The Lyrics Server

Michael Herf
October 2005, reflecting on events from 1994-1996

back

Some stories fade with time, and this is one that I've not written down in its entirety, though I've told it to friends and colleagues over the years. Already the exact dates and conversation are both fading a bit for me, but the gist of the story remains intact.

I had some interesting experiences about 10 years ago that seem more and more relevant every year, as I read about online music and copyright issues. I put up a website in 1994 called the "Vivarin Lyrics Server" and it provided lyrics to a large variety of songs online, totalling about 50,000 songs by 1996.

Back in 1994, I was a student at Carnegie Mellon University, and I had been a fan for a couple years of Dave Datta's ftp.uwp.edu. (That's the University of Wisconsin at Parkside, for those not up on Wisconsin geography.) At that time his archive was available via FTP and Gopher, and it contained a variety of media, including the lyrics to many songs. It was a very popular service on the Internet, and had been around long enough to predate the Web.
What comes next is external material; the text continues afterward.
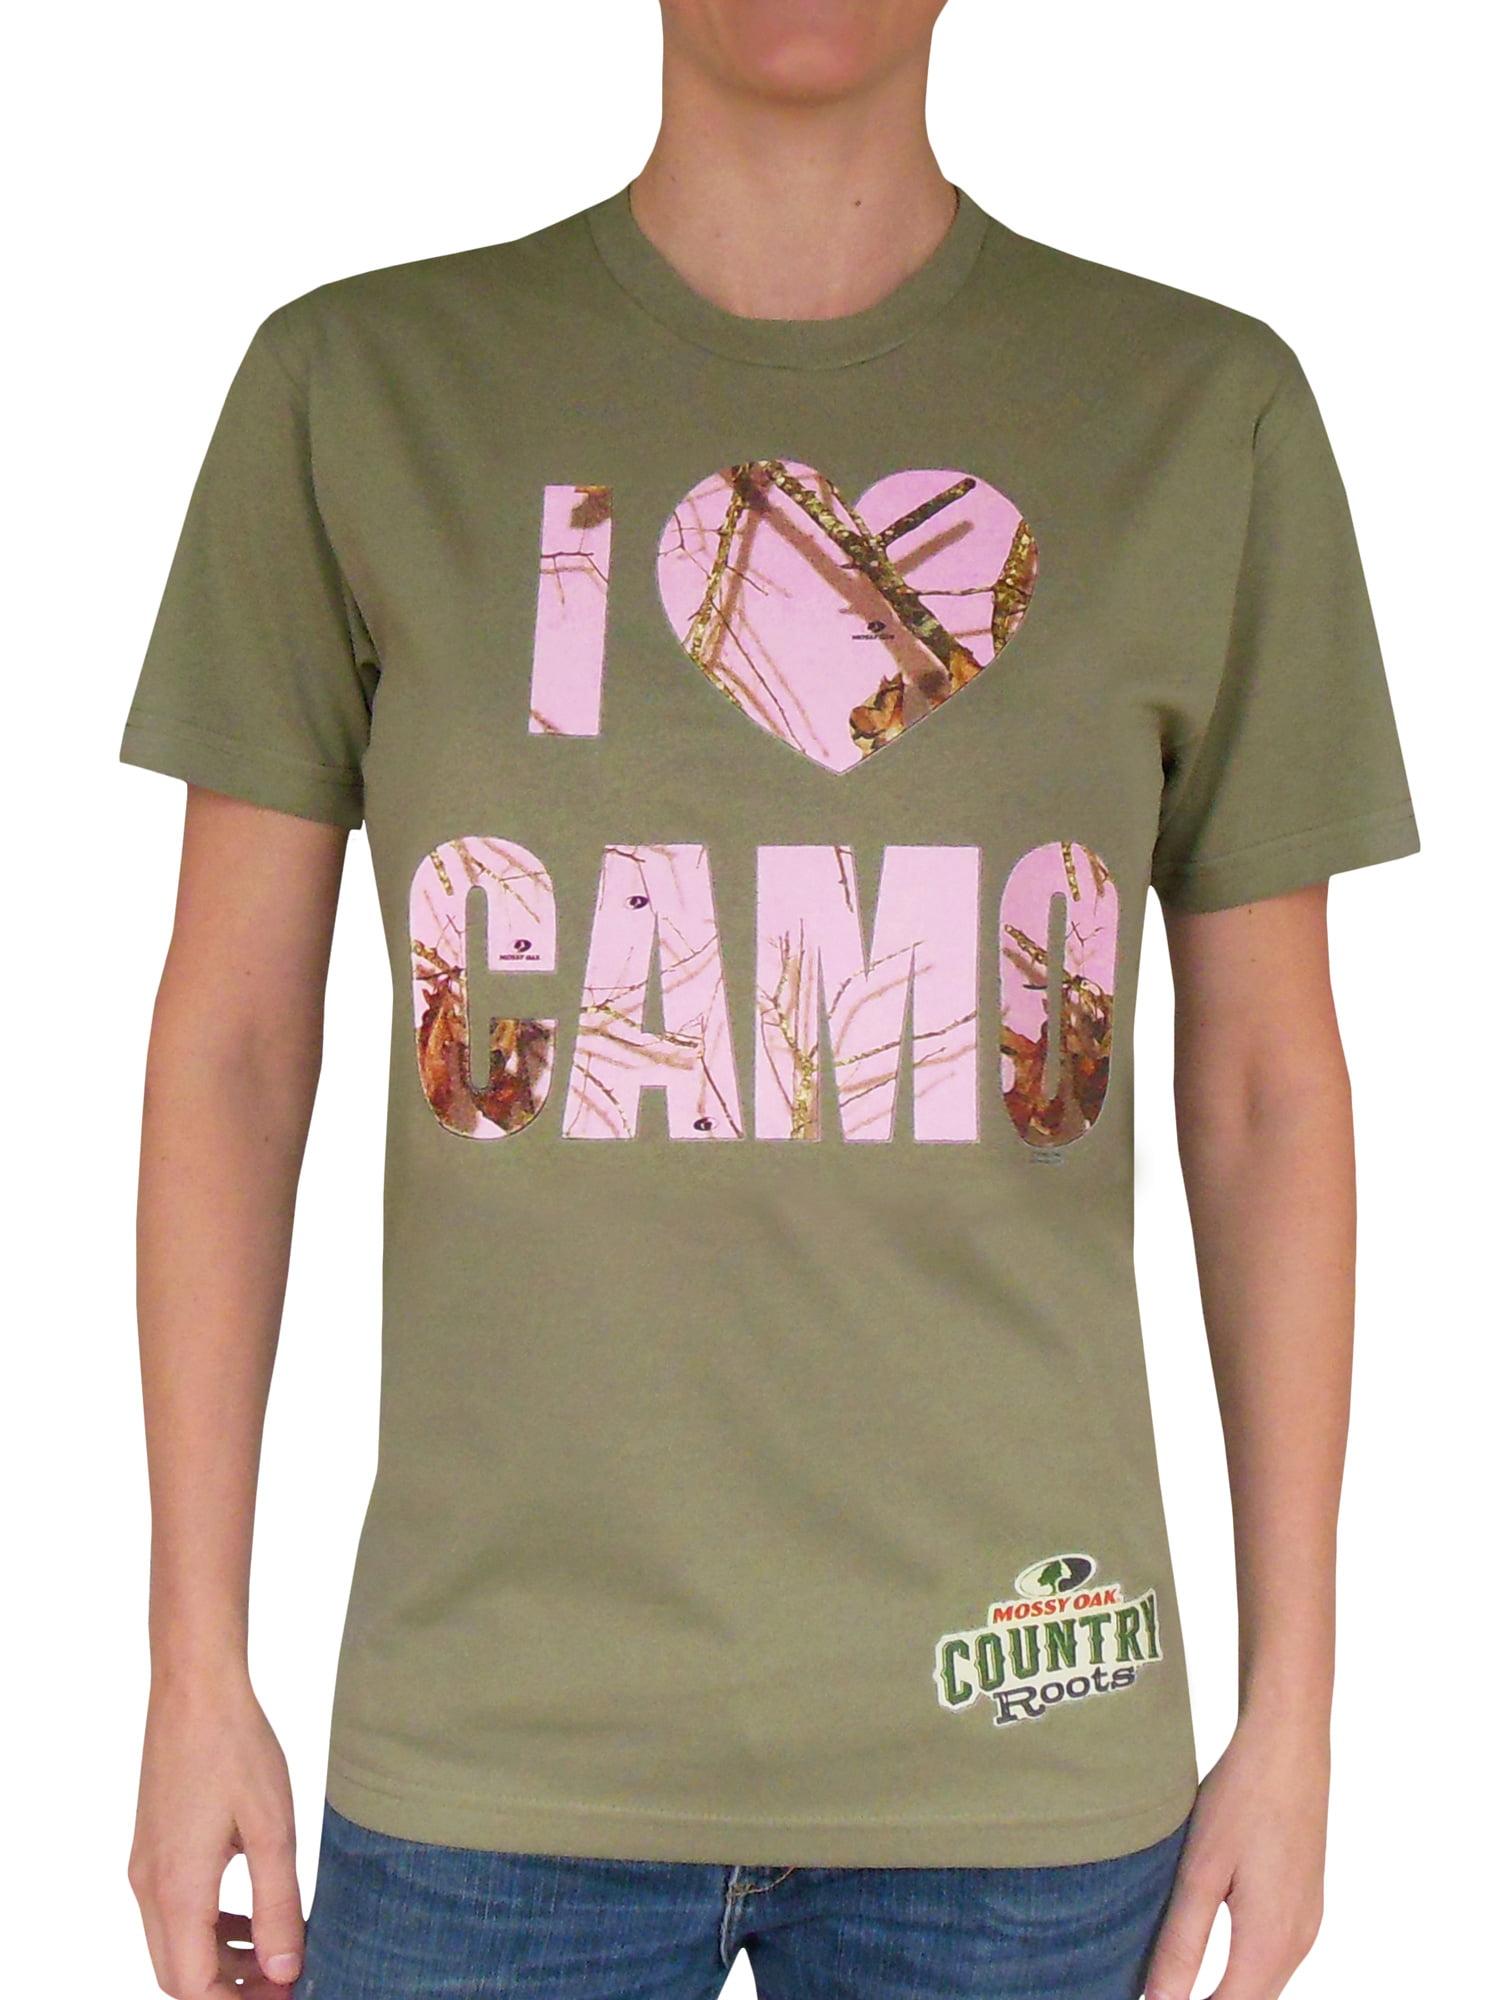 2b95d36b09a40 MOSSY OAK NWT Womens Tee T Shirt L Black Pink Camouflage Top .

I had been playing with a small utility to mirror FTP archives—I'd been using it to mirror some early distributions of a UNIX-like operating system called Linux. So I ran this tool one night against Dave's server, and in the morning I had a complete mirror of the UWP lyrics archives, containing the lyrics to about 30,000 songs.

It seems obvious in retrospect that the thing to do was to put this information on the Web so it could be more widely accessed. The thing was, this wasn't exactly as obvious back then as it is today. Netscape was several months away from its 0.9 release, Yahoo! was less than a year old, and Mosaic was the popular web browser to use. But I decided that this was the thing to do anyway.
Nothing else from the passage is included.